Top of Data excerpt
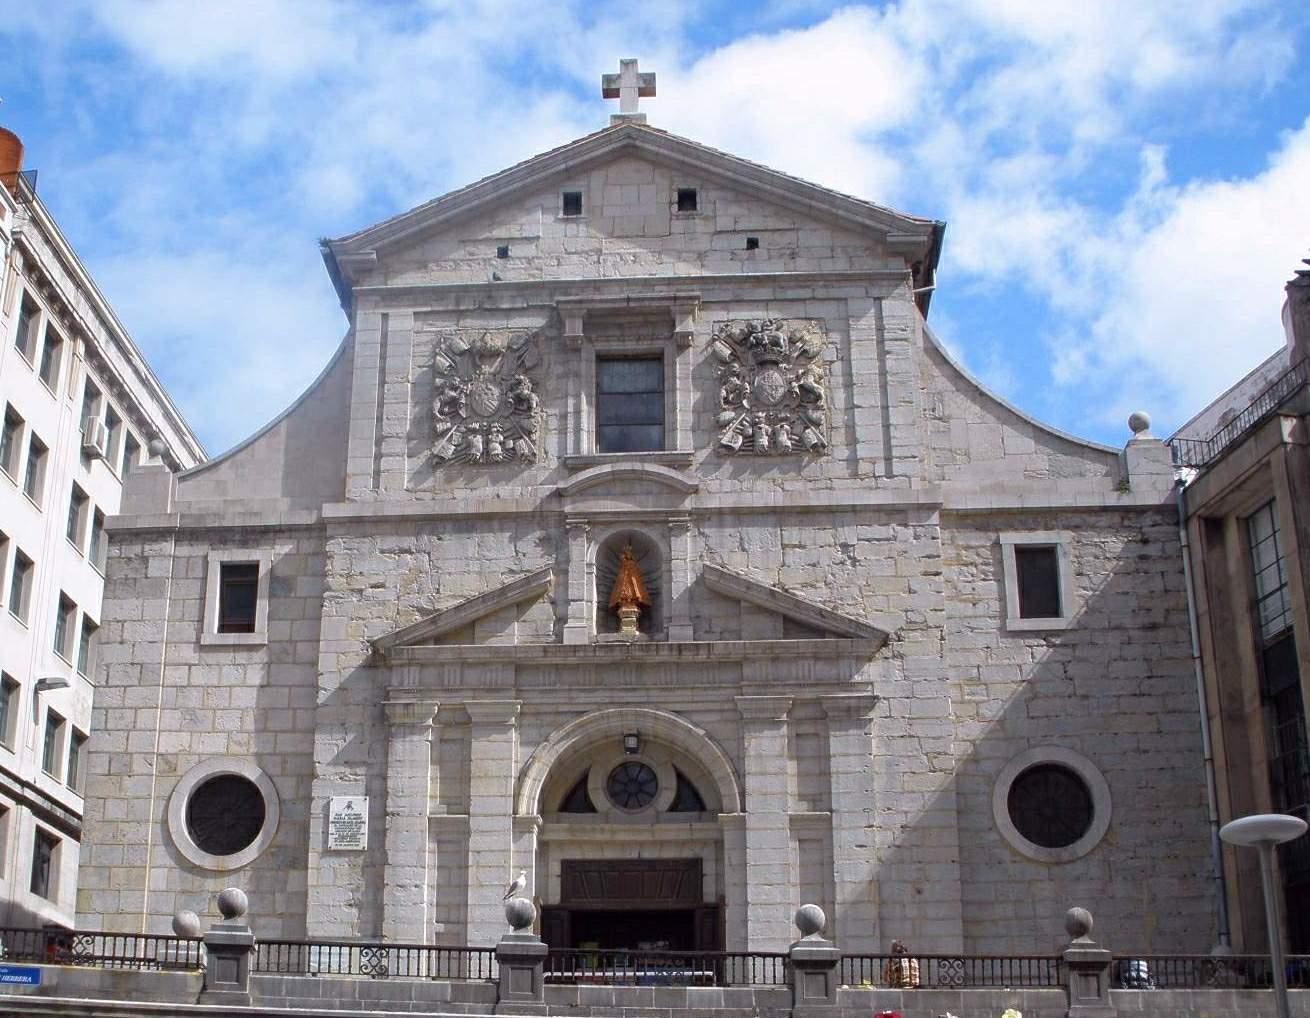 Fachada de la iglesia de la Anunciación, Santander
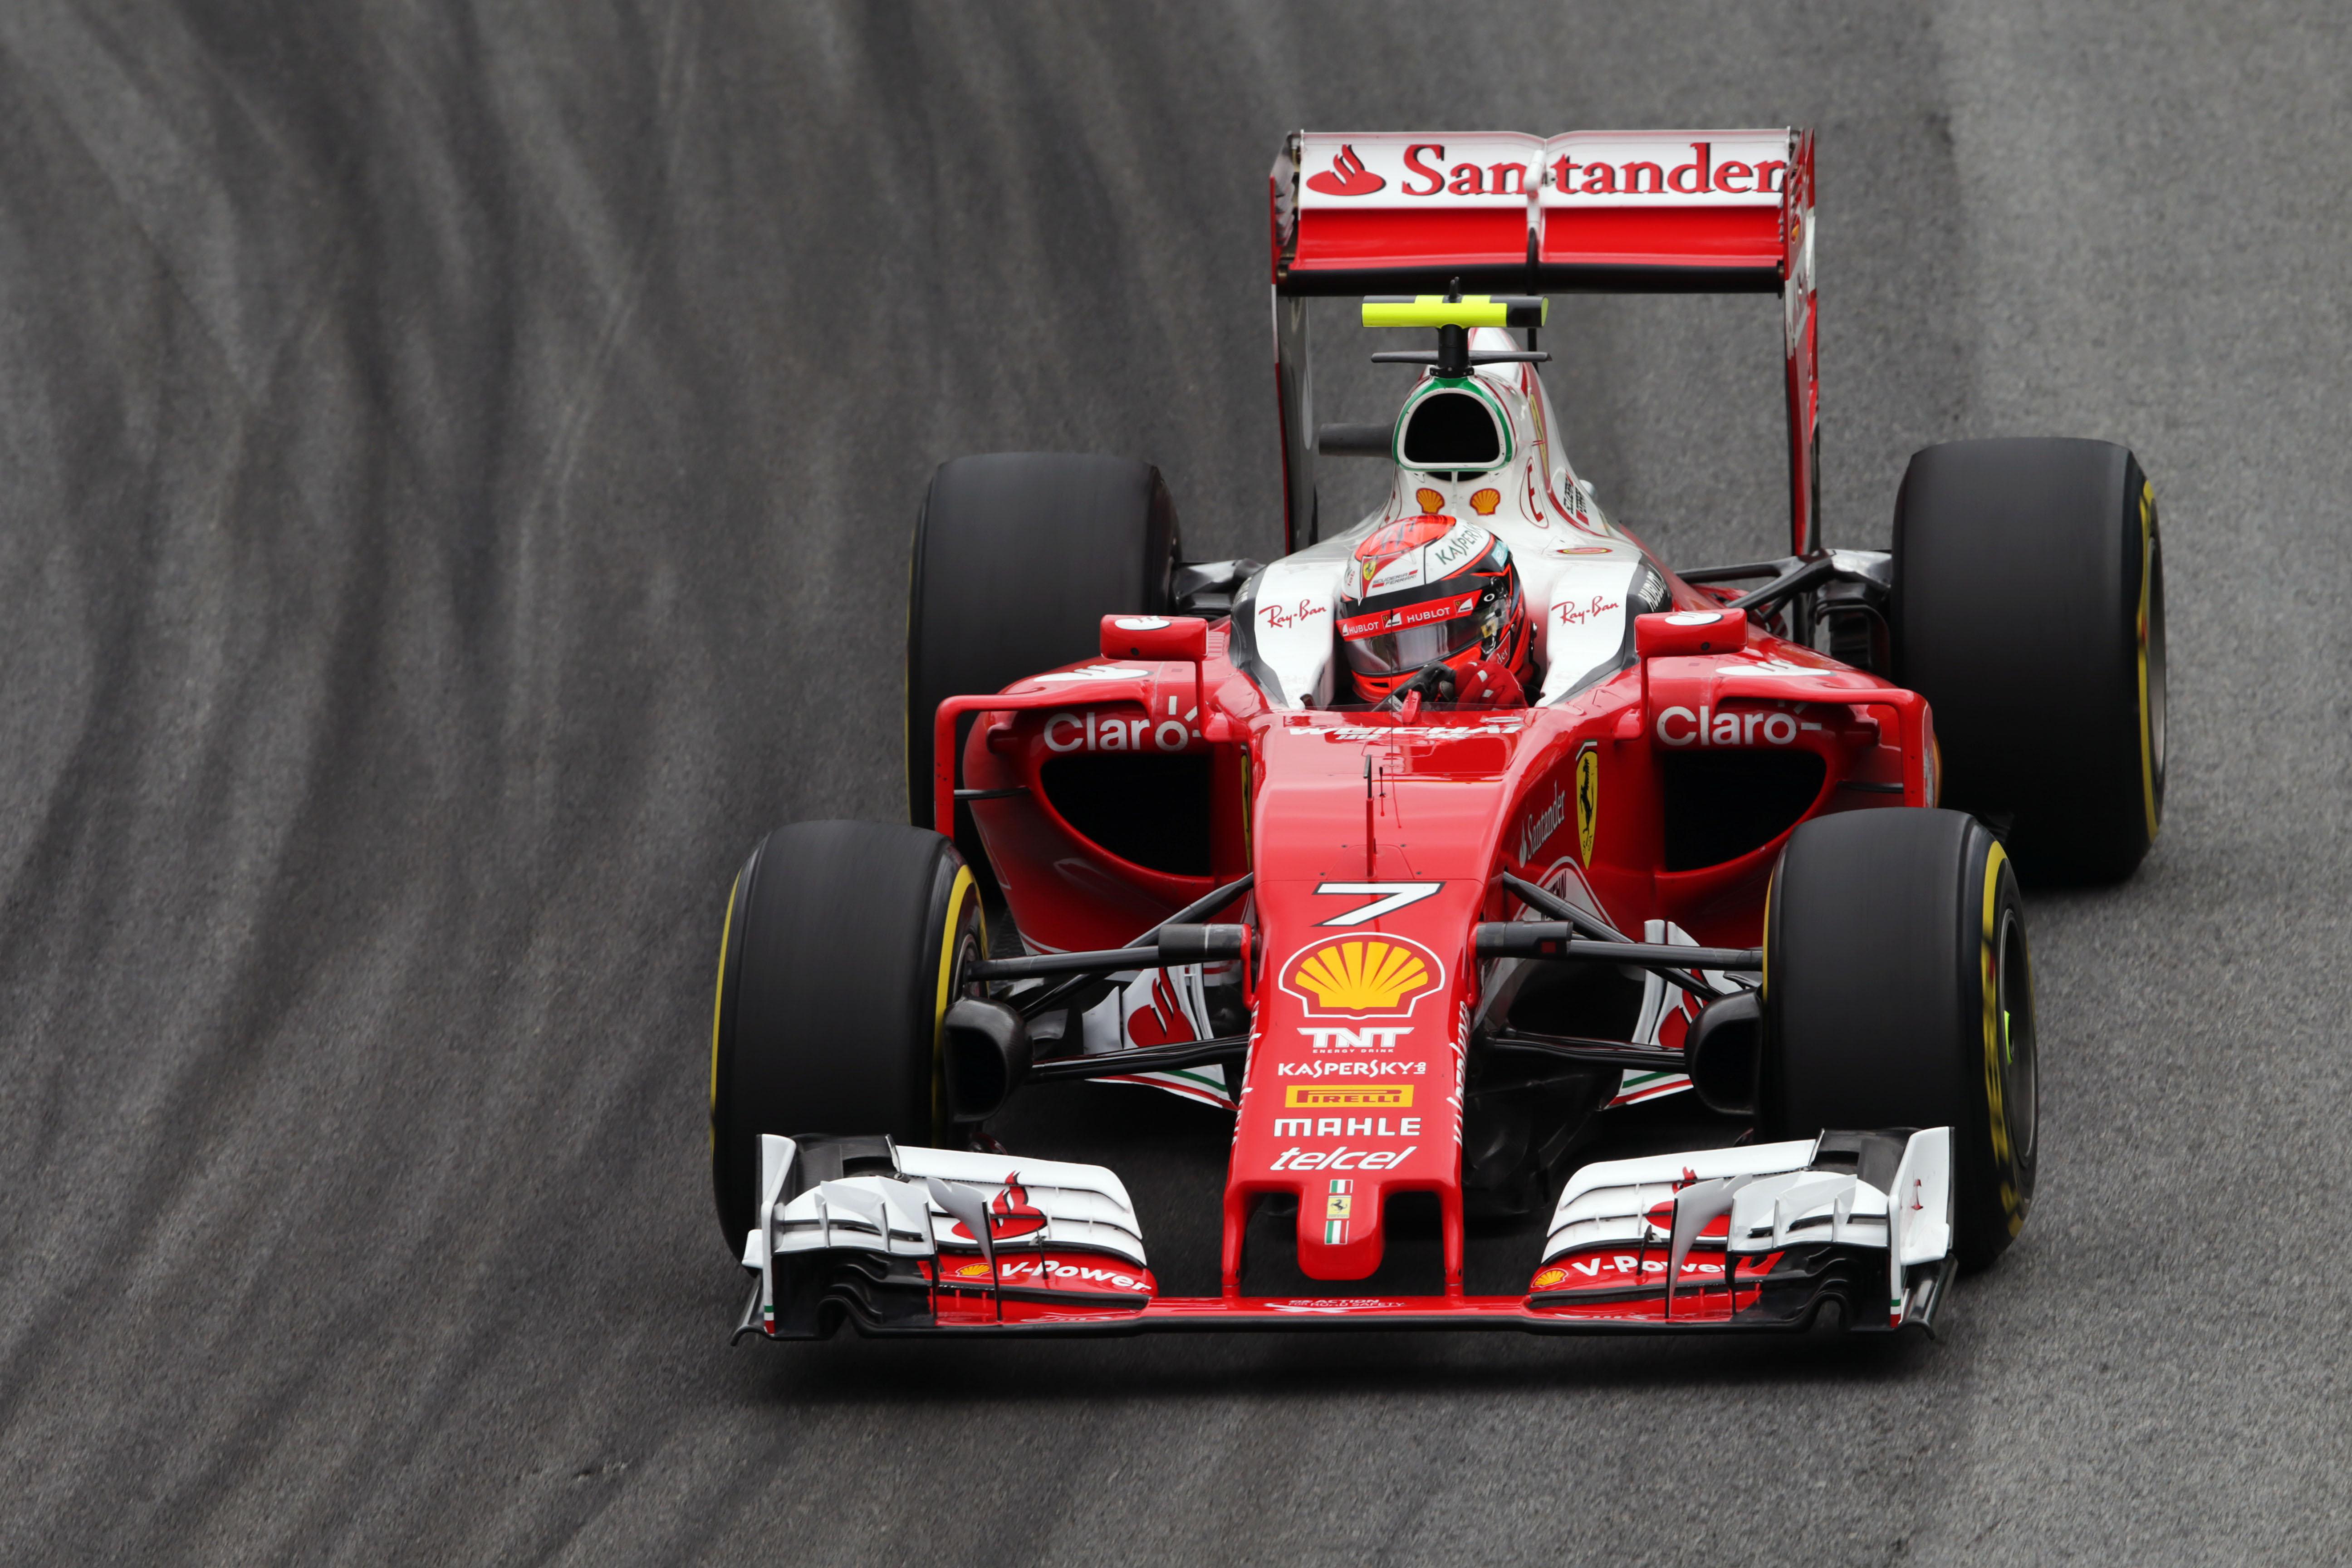 Kimi Raikkonen Scuderia Ferrari Sf16 H Marco S Formula 1 Page
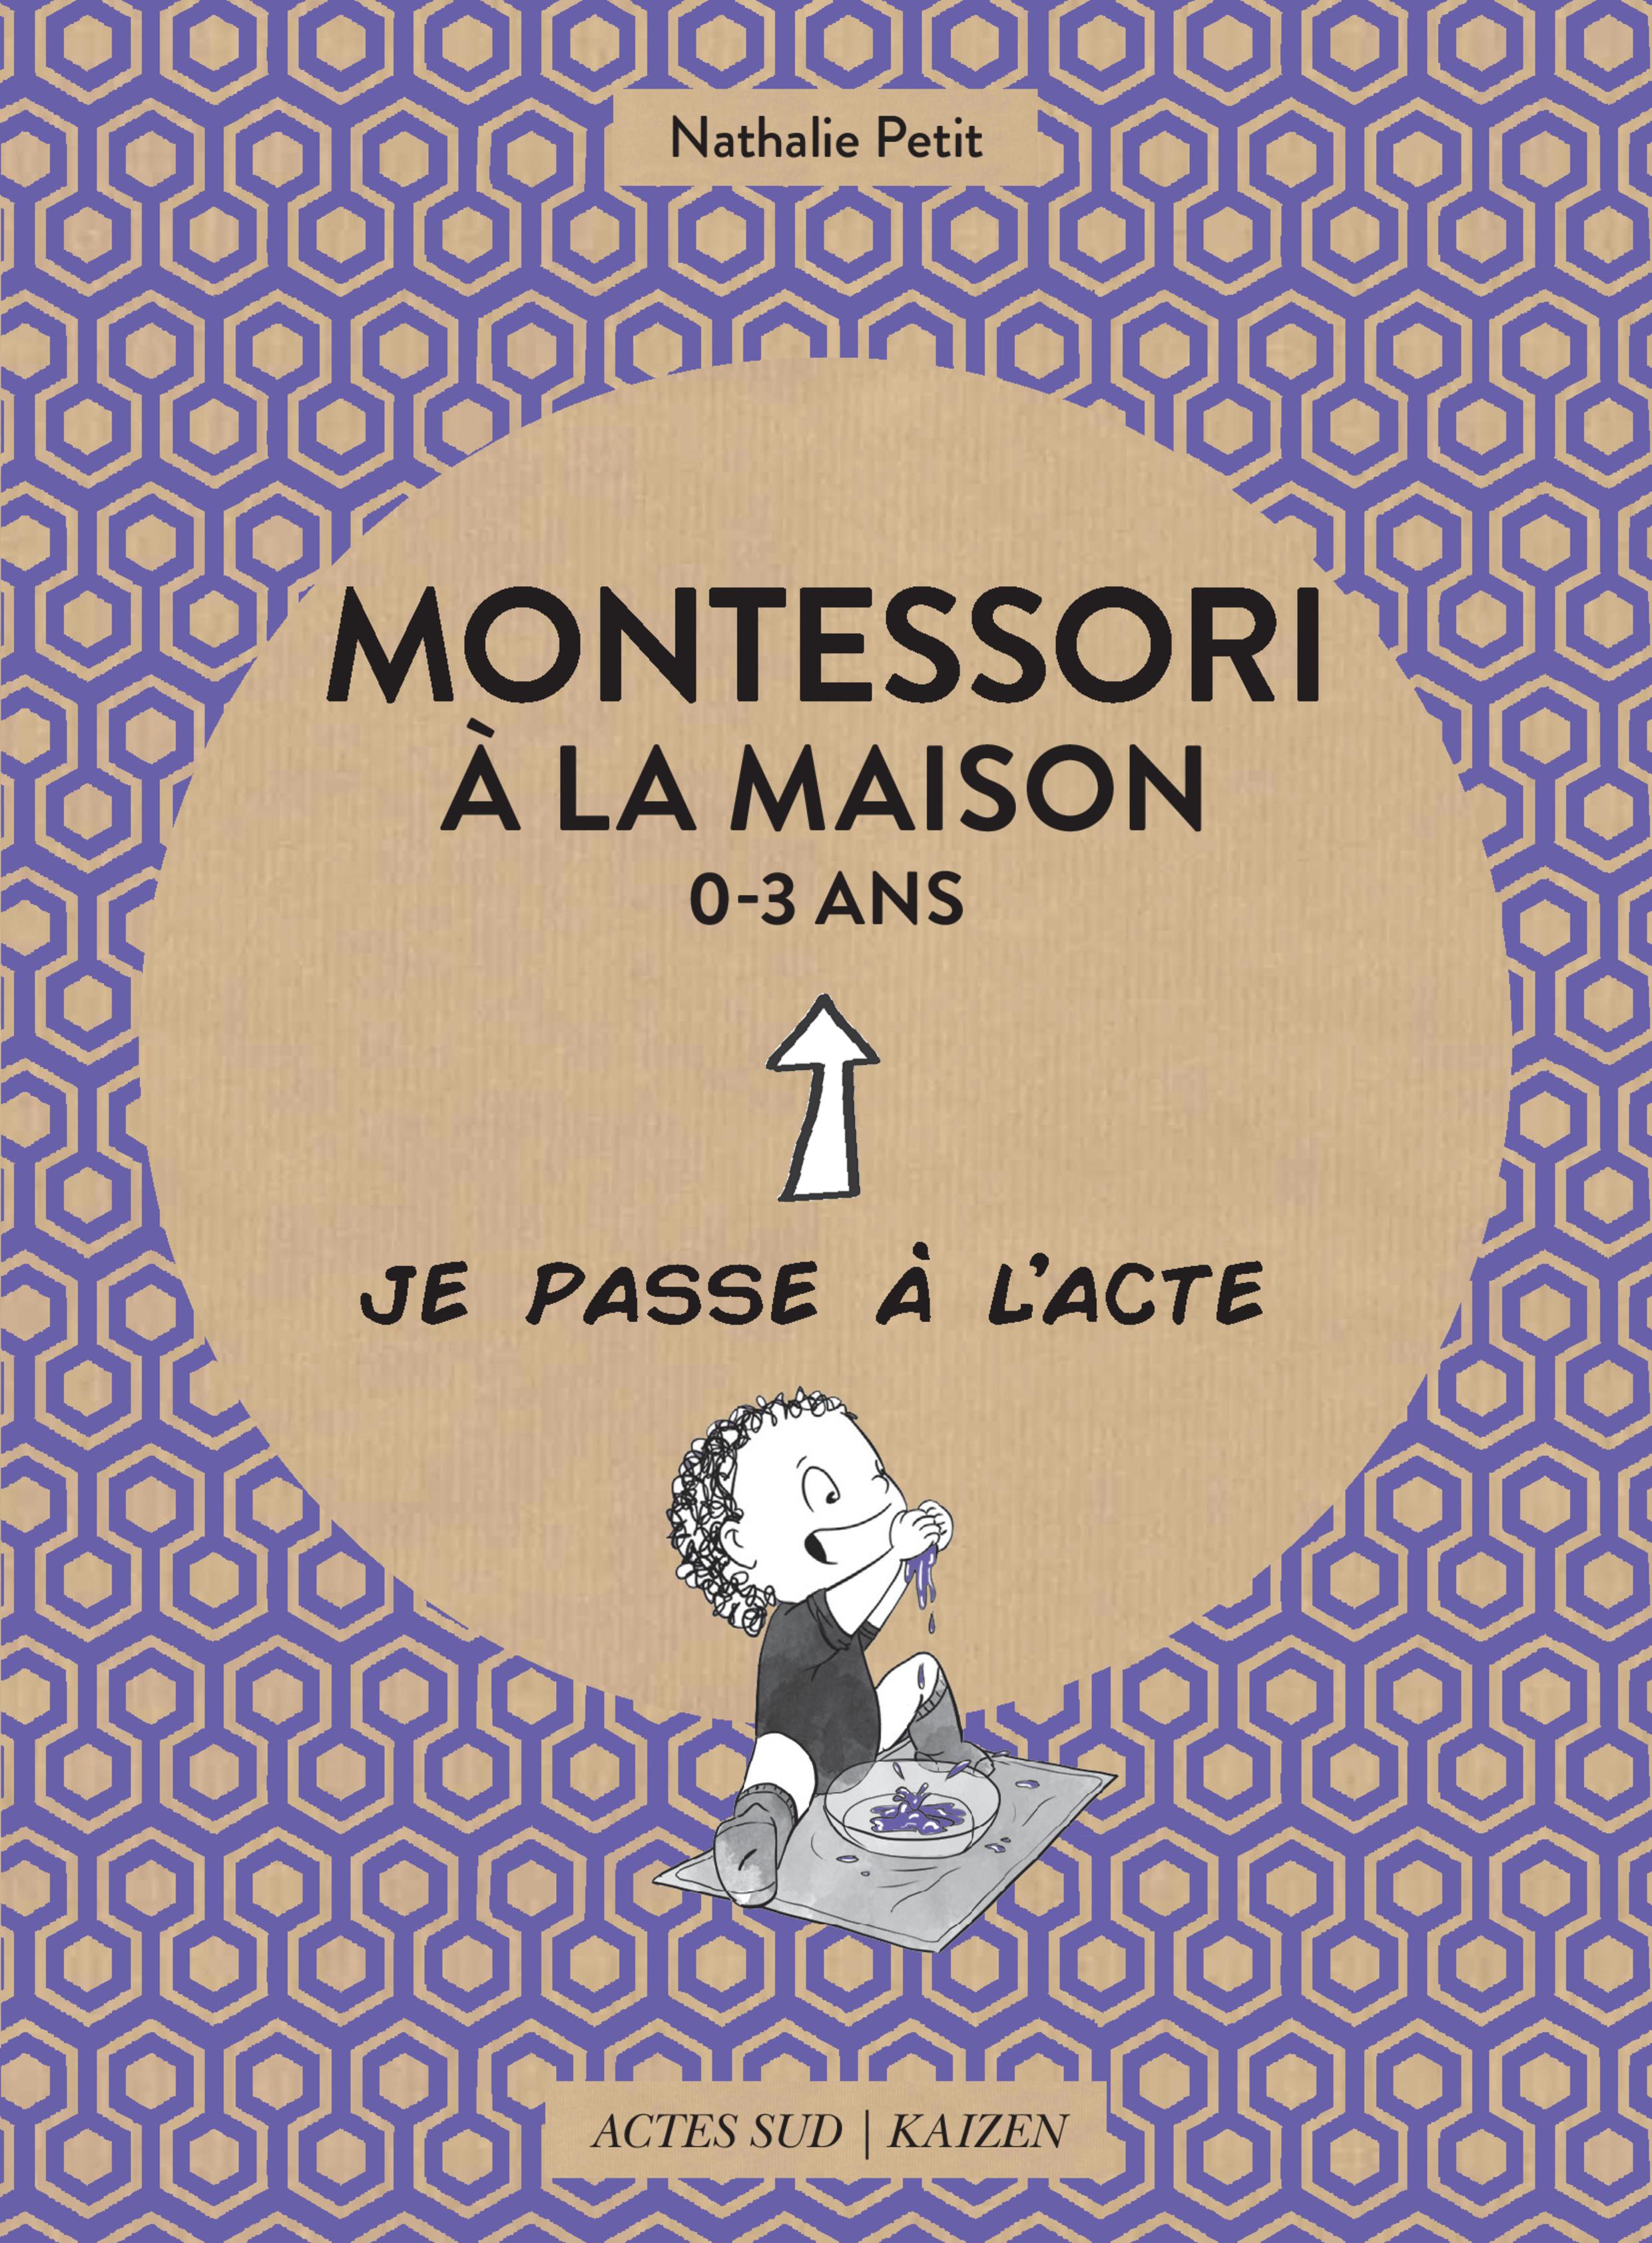 Montessori à la maison - 0-3 ans
Bottom of Data excerpt
Exercise details — Write out the data once more exactly, omitting the pictures.

Written response —
 Fachada de la iglesia de la Anunciación, Santander
 Kimi Raikkonen Scuderia Ferrari Sf16 H Marco S Formula 1 Page
 Montessori à la maison - 0-3 ans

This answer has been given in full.